• _Activity_: Give back, unchanged, each line from the one containing "Ad Asolo, incontro" through the last line of the entries below.

• _Data to use_:
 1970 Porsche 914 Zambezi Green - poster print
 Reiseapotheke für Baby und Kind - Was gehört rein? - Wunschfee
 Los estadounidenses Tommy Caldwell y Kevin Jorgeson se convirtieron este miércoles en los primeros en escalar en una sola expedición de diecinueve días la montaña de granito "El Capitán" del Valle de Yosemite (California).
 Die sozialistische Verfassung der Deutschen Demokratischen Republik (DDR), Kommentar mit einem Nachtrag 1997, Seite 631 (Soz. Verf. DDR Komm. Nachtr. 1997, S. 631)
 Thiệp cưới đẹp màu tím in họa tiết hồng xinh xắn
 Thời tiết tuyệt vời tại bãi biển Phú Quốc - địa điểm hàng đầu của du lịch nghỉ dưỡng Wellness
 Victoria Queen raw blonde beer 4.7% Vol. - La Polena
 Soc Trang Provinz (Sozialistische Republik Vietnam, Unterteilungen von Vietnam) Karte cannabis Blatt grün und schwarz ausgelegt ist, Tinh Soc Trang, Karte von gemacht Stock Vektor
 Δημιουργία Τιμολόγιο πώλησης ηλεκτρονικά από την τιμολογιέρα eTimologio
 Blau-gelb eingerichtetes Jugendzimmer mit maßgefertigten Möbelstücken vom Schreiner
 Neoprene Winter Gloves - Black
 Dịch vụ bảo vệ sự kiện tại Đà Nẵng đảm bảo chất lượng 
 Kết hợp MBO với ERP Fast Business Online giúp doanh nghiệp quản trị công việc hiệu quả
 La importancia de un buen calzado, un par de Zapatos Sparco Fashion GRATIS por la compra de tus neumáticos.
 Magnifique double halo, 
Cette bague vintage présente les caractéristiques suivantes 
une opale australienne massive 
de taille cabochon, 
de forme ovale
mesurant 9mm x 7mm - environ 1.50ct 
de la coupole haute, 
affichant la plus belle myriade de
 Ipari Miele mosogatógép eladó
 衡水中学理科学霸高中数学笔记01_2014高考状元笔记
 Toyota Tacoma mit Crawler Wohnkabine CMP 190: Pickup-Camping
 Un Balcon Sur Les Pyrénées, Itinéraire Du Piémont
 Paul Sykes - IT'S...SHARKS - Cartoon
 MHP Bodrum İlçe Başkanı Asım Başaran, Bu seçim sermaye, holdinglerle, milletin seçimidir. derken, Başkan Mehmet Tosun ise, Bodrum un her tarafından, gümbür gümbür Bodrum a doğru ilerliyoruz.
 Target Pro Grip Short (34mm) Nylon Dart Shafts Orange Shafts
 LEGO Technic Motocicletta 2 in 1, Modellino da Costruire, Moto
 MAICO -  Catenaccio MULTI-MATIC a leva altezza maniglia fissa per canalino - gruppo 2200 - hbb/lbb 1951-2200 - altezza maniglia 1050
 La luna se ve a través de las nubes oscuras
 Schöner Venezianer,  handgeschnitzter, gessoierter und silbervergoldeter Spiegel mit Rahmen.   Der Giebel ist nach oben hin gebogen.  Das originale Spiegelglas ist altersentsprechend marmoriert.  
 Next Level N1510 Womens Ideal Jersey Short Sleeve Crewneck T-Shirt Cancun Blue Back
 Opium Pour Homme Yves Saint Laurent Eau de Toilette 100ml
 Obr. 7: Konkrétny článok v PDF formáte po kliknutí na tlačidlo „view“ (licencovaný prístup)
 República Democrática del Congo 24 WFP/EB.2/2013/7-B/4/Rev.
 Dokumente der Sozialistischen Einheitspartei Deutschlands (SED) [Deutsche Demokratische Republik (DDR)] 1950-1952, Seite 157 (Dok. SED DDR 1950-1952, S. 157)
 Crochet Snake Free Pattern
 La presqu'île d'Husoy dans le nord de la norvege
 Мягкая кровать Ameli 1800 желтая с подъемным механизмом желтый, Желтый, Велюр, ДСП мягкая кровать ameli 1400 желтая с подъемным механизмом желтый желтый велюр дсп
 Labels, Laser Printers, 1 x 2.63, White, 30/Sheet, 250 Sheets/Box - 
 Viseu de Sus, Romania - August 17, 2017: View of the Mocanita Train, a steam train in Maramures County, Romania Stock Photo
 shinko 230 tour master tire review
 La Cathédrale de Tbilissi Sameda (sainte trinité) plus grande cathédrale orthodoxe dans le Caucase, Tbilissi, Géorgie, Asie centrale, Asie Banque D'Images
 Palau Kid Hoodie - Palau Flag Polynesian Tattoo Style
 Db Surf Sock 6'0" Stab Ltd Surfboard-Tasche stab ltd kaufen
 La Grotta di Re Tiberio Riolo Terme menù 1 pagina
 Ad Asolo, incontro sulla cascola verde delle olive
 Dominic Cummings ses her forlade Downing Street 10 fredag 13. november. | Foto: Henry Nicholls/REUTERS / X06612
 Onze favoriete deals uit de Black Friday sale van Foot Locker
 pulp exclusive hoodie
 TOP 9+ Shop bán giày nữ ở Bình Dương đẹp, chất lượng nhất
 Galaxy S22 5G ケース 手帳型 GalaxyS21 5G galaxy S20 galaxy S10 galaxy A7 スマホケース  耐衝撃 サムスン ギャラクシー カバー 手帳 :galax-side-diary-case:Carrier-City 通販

• _Solution for this problem_:
 Ad Asolo, incontro sulla cascola verde delle olive
 Dominic Cummings ses her forlade Downing Street 10 fredag 13. november. | Foto: Henry Nicholls/REUTERS / X06612
 Onze favoriete deals uit de Black Friday sale van Foot Locker
 pulp exclusive hoodie
 TOP 9+ Shop bán giày nữ ở Bình Dương đẹp, chất lượng nhất
 Galaxy S22 5G ケース 手帳型 GalaxyS21 5G galaxy S20 galaxy S10 galaxy A7 スマホケース  耐衝撃 サムスン ギャラクシー カバー 手帳 :galax-side-diary-case:Carrier-City 通販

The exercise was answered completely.